Well almost one whole week into National Novel Writing Month and I'm still really excited about it. Last year I did an exceptionally poor job at it and didn't even finish. This year I will finish! NaNo has taught me a lot of things. Like don't write in first person (it never works out the right way) and descriptions of people and what they are wearing feels really awkward to write ignore the feeling and write it anyway, especially for the main character. Sleep is of course for December as is editing. Also outlines are a beautiful thing! I did my first outline ever for a story for this book and I feel it has helped me so much! Hints for making an Outline. Write down questions and answer them. have a goal for what you want to have happened in each chapter (not how I do it but works for Neinone). Make a simple outline with major plot points (as close to in order as possible rearrange will happen), then make a more complicated outline with minor details and even some dialog roughly written down.


The first question you must ask yourself when writing (after having figured out a basic plot, but even that isn't necessary before this question) is: What makes today different?
It is a really valid question writing a story. Why is this day different than yesterday because if it isn't different than yesterday what makes you think I want to read about it. I don't want to hear about what your character had for breakfast on the normal day. I want to read all about how the aliens disrupted the protagonists breakfast an the non-normal day. If you are writing about an alien invasion, what do you know about space? If all you learned is from Star Wars please re-think this novel. If the alien's aren't really alien's but vampires from the future...this better be going somewhere good. Though the question stands "What makes today different?" if you character is from Men In Black universe and aliens disrupt his breakfast everyday, why is this day especially different? Did your character get a mind wipe the day before and to him aliens disrupting his breakfast is a new event even though it has happened to him every day for the last 20 years and now he has to figure out why they wiped his mind...and that they did it at all in the first place?

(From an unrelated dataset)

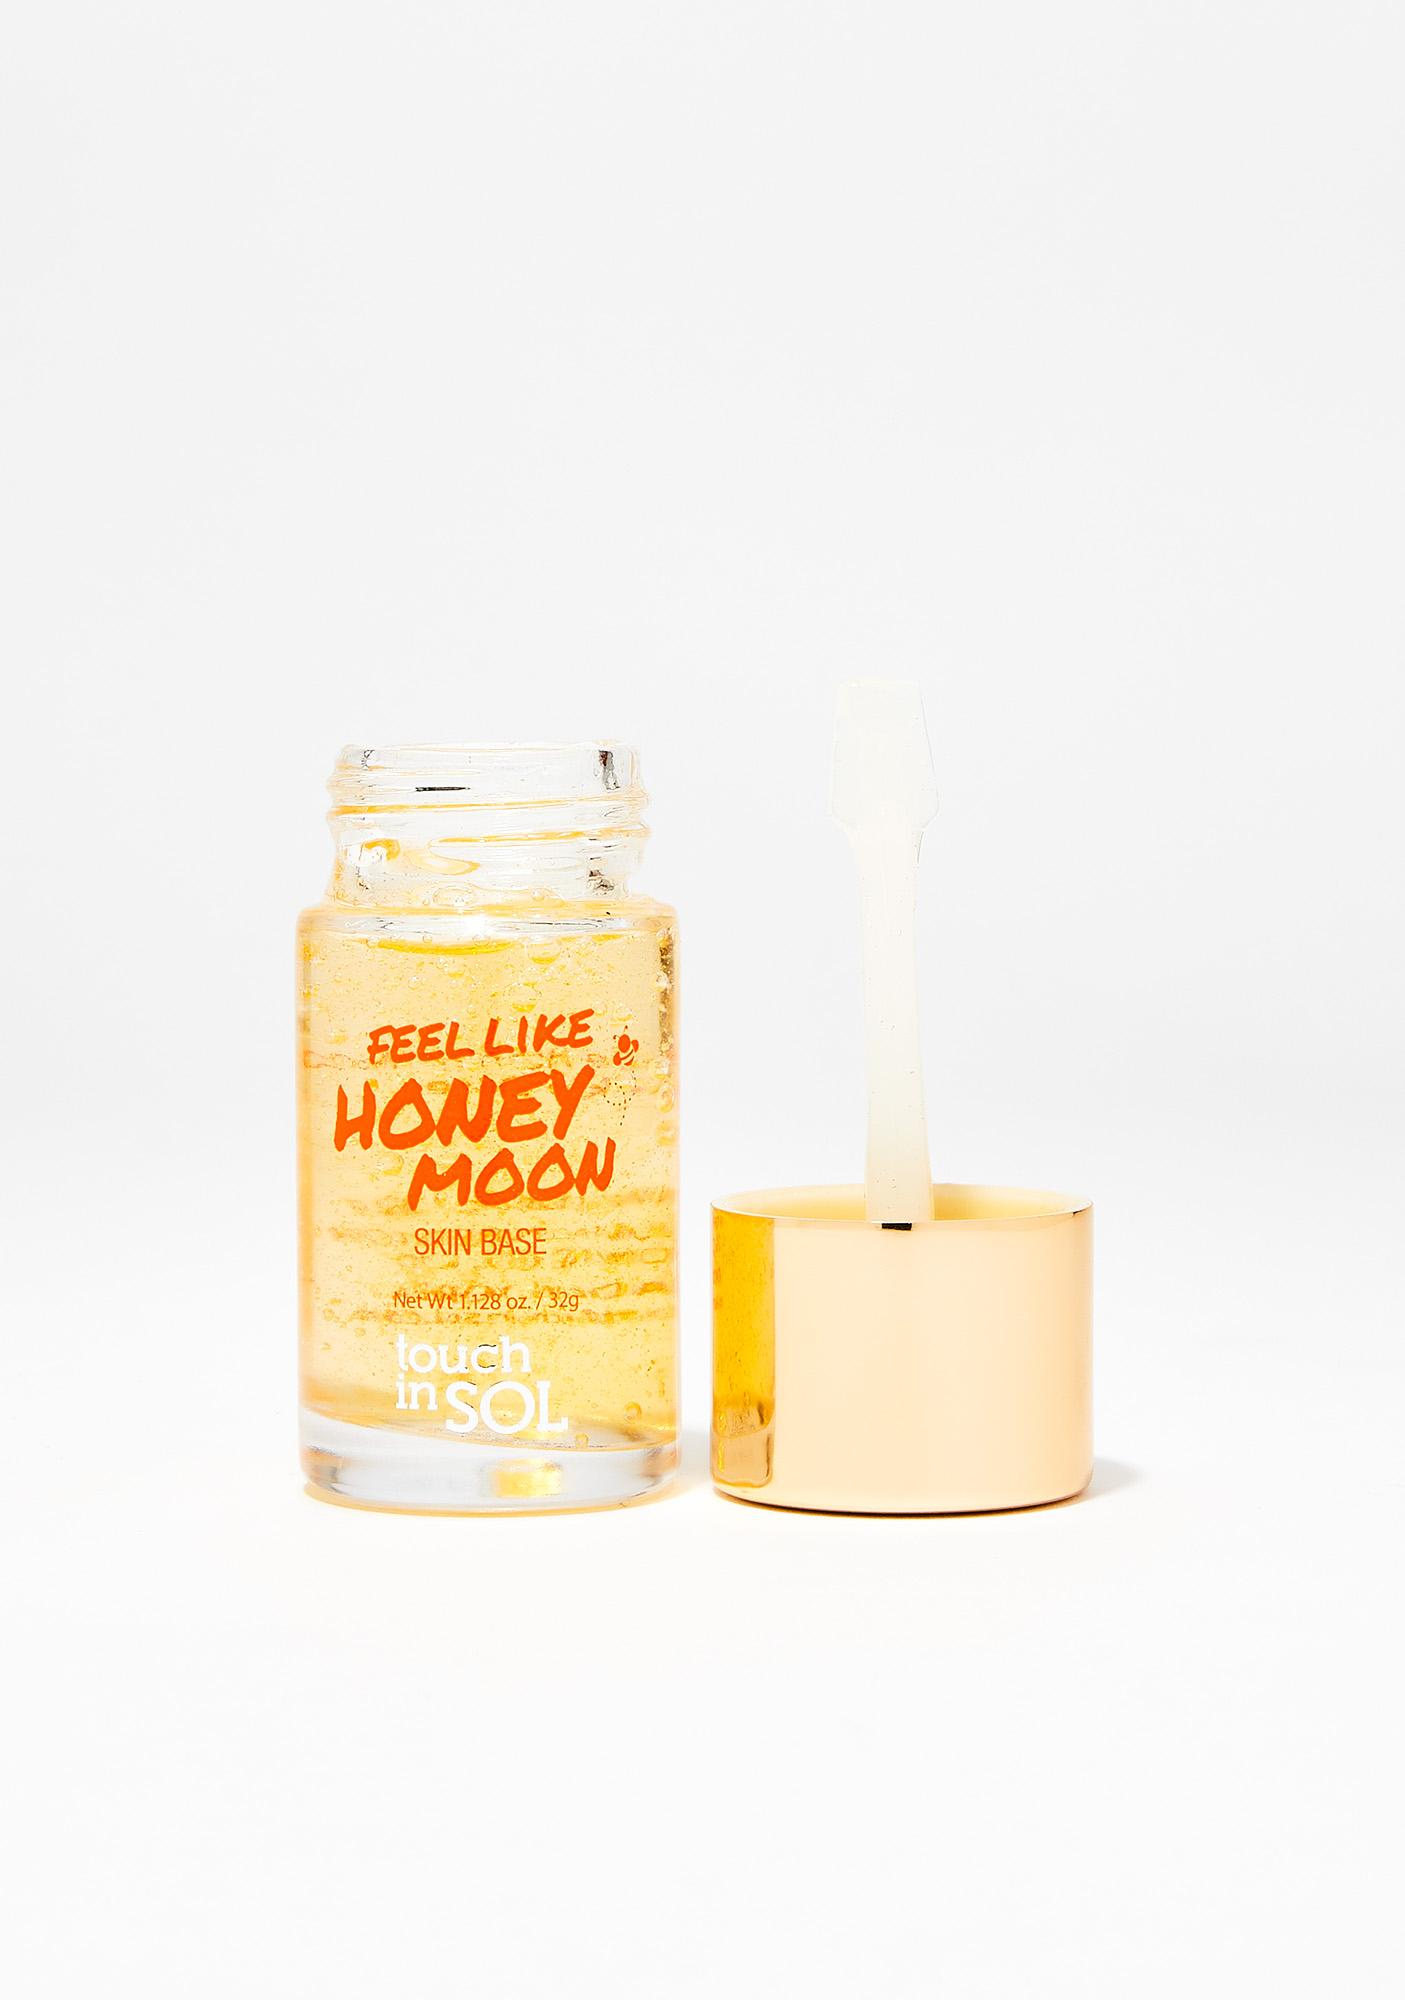 Touch In Sol Feel Like Honey Skin Base

I don't want to know about the average day, that isn't interesting. I want to read something interesting. I also don't want something over the top. For example your character was the best at the alien hunting business until his partner wiped his memory and stole his identity and ran off with one of the aliens to Nantucket where they plan on starting WWIV (WWIII happened the year before but your character saved the world from being destroyed but just barely, this is of course why your character's memory was wiped because he was seen as a threat). Yet even though your character's memory got wiped he finds a bunch of clues that leads him to the bad guy just in the nick of time (again) to save the world (again)...this is not interesting it is the Superman syndrome. I do not want a perfect superhero I want someone I'm on the edge of my seat wondering if he is going to even win, maybe he doesn't! That'd be really awesome! End of the book world ends, that'd be unexpected.


So here it is, be mean to your main character. Have them get beat up and put in the hospital and while they are recovering the bad guy makes off with the nuke and drops it on Russia (or somewhere else less cliched please) to start the World War. The war starts and now after your character gets out of the hospital (or even before) they have to stop retaliation (which of course they fail horrible at) and then your character takes a bullet for Dmitriy Anatolyevich. He takes it as a great compliment and decides that in honor of you now dead hero he'll stop firing nukes back (yeah right but that's what stories are for right?). Please don't anyone actually ever right this into a book, it'd actually probably be rather terrible.

Anyway...Have a wonderful November and good luck to anyone doing NaNoWriMo!